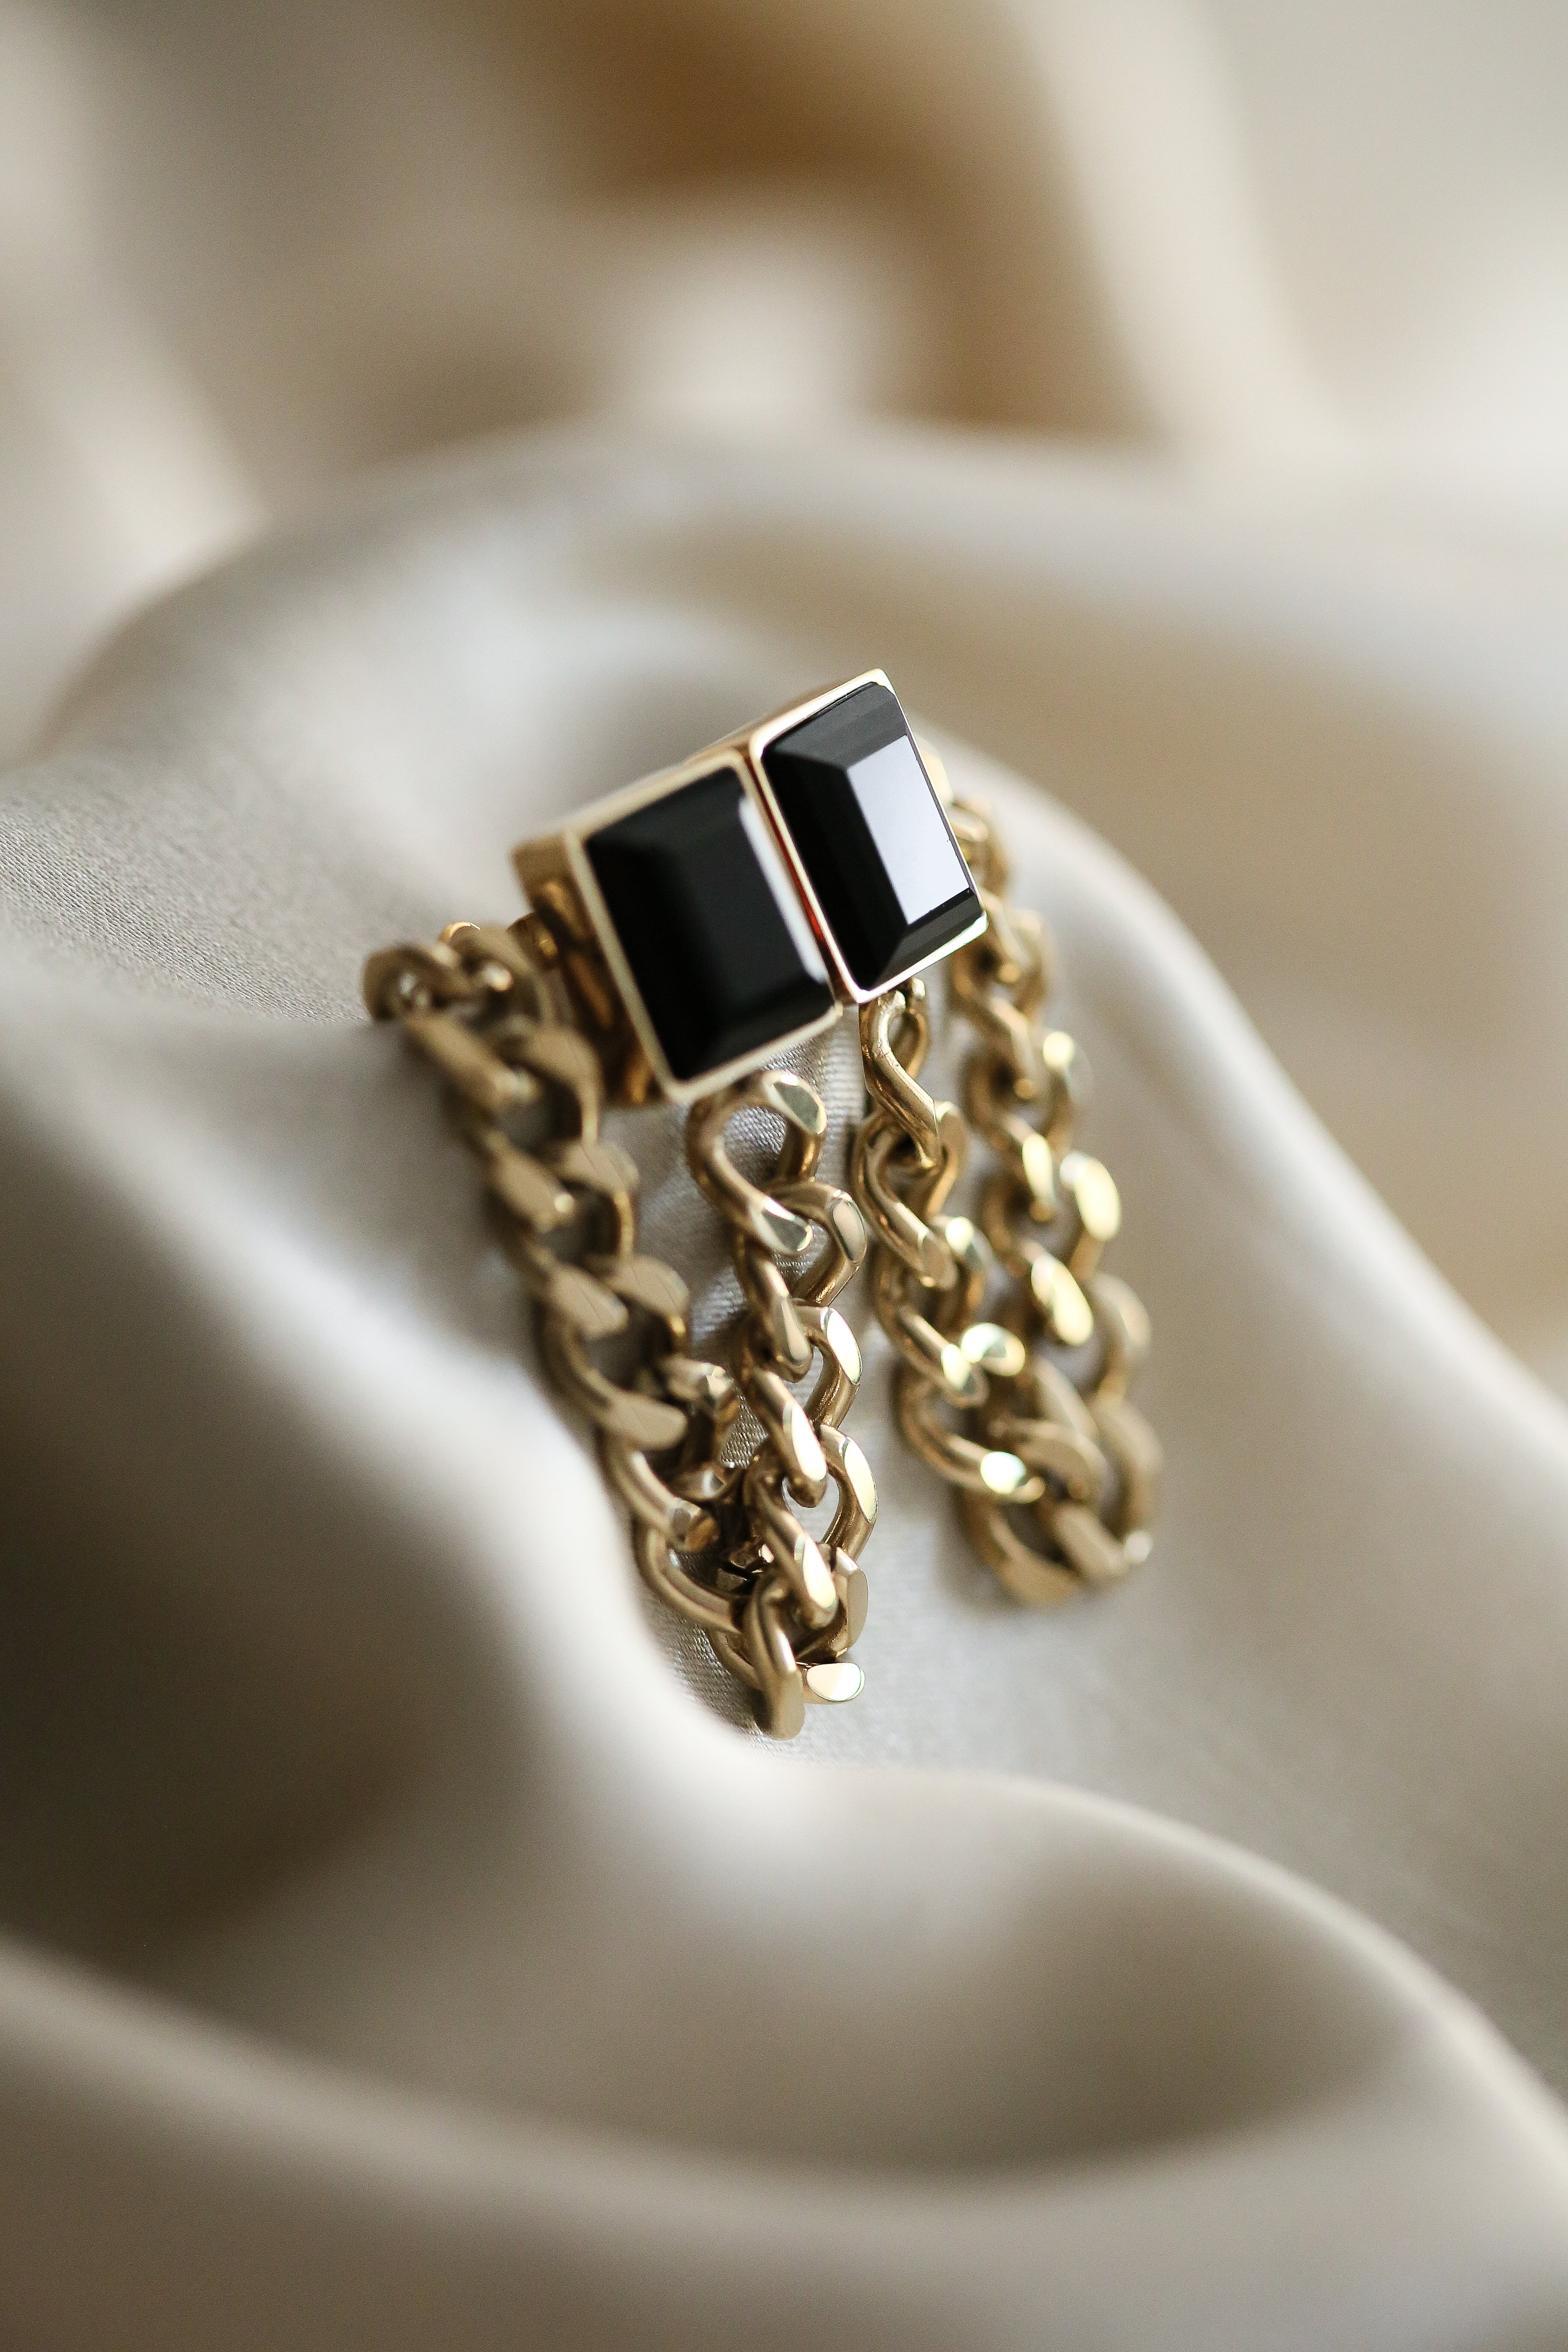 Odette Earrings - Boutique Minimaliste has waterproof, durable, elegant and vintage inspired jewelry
---
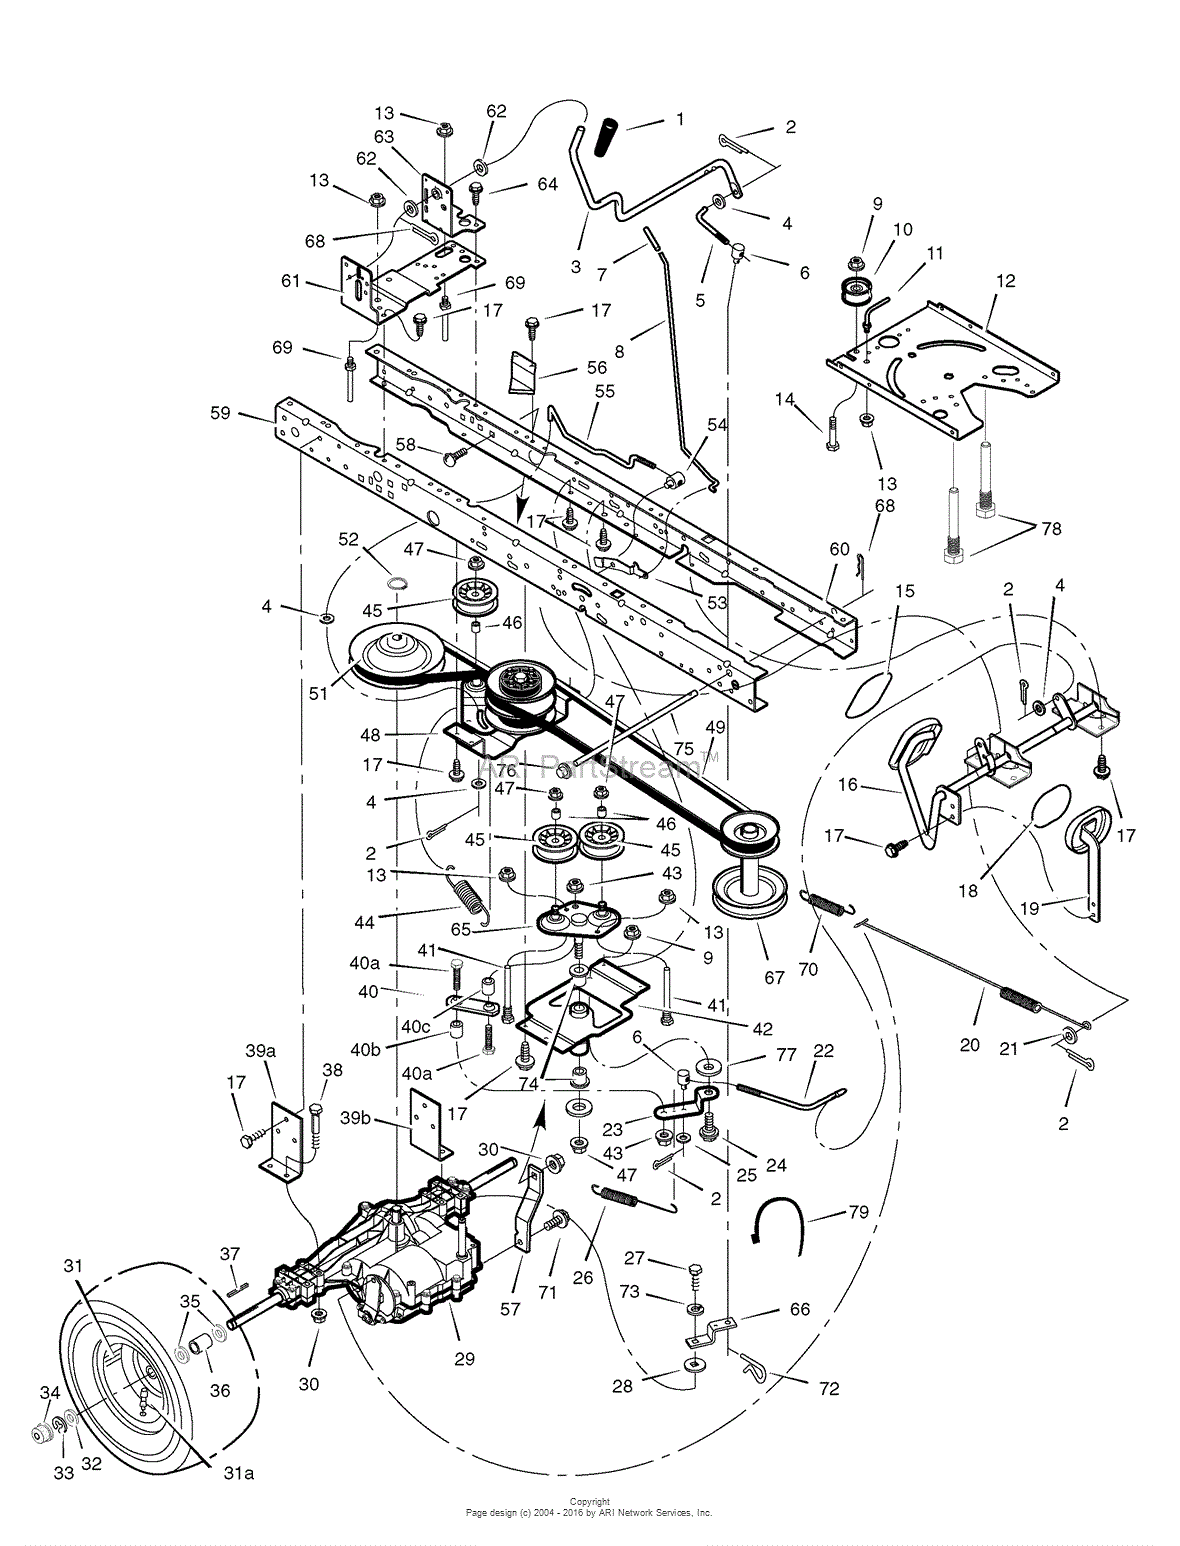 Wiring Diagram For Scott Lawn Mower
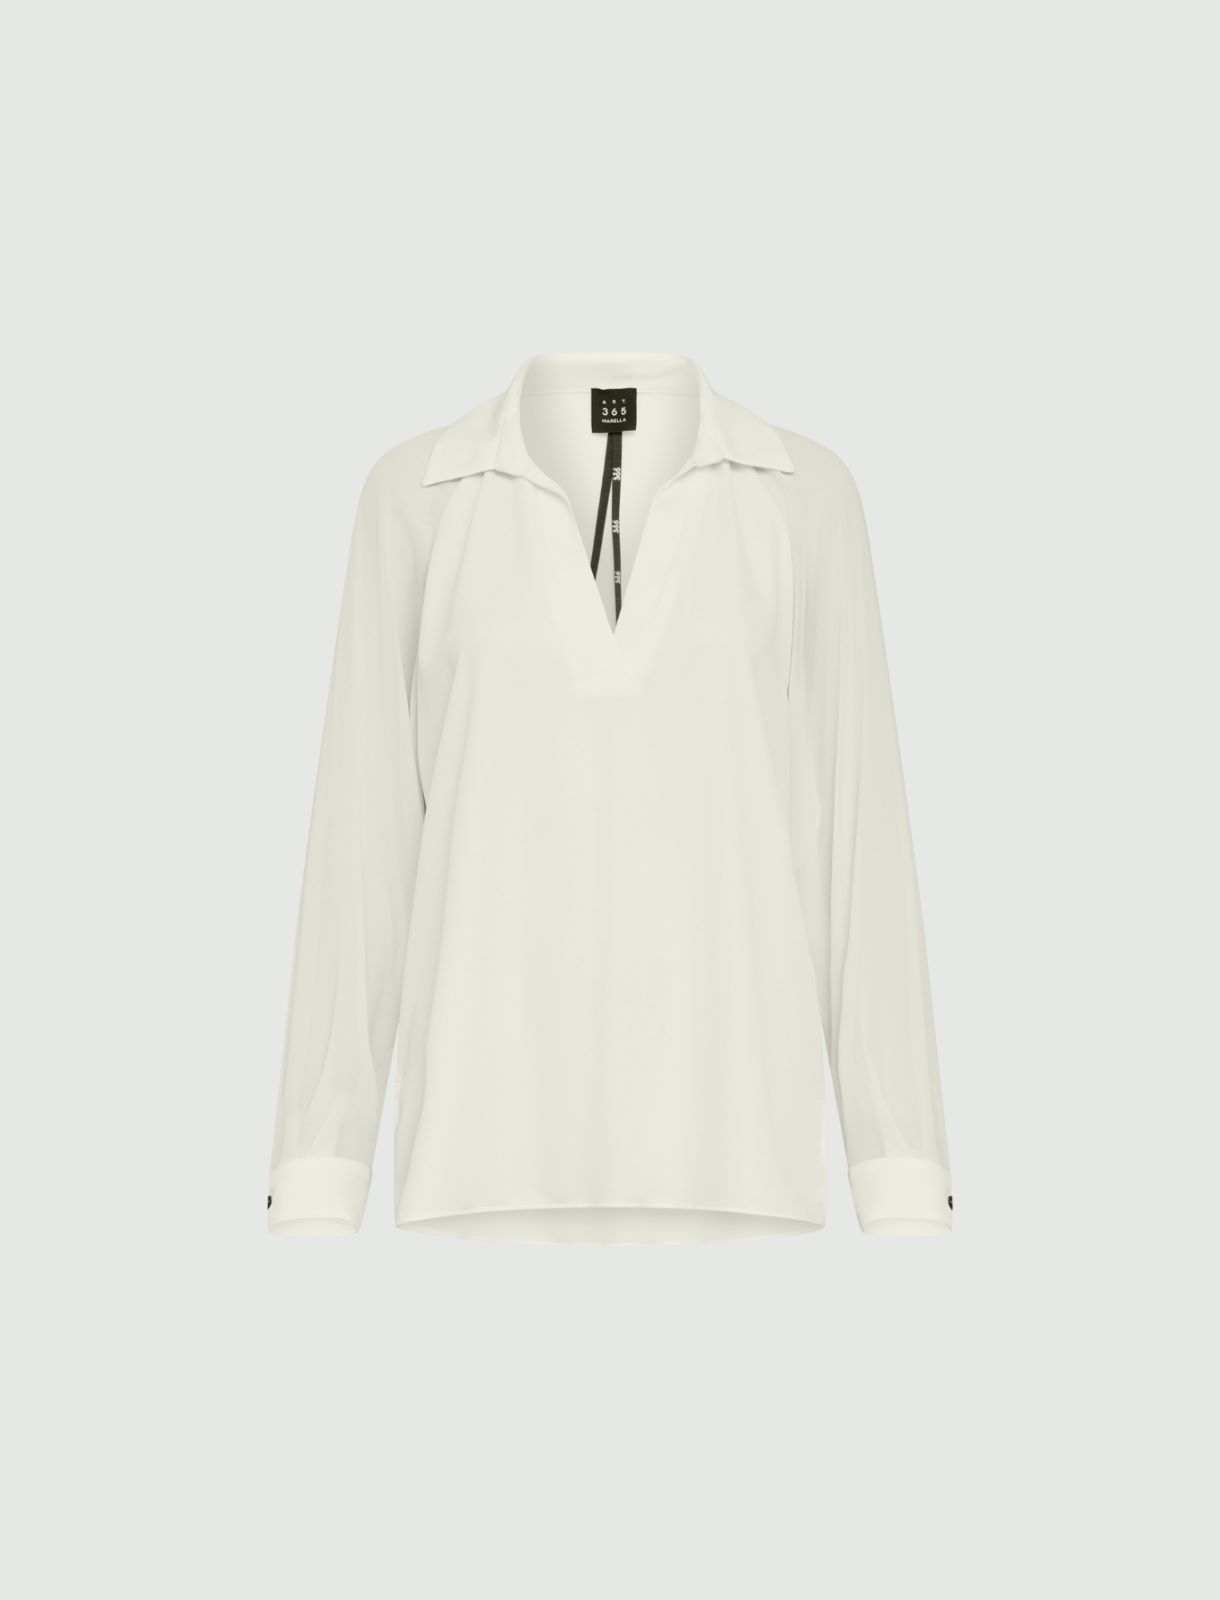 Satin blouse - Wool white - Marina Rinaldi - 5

◆ Prompt: Only one stretch of the material above is wanted: the line containing "Wiring Diagram For Scott Lawn Mower" through the line containing "Satin blouse - Wool". Restate it word for word, minus the pictures.

◆ Problem solution:
 Wiring Diagram For Scott Lawn Mower
 Satin blouse - Wool white - Marina Rinaldi - 5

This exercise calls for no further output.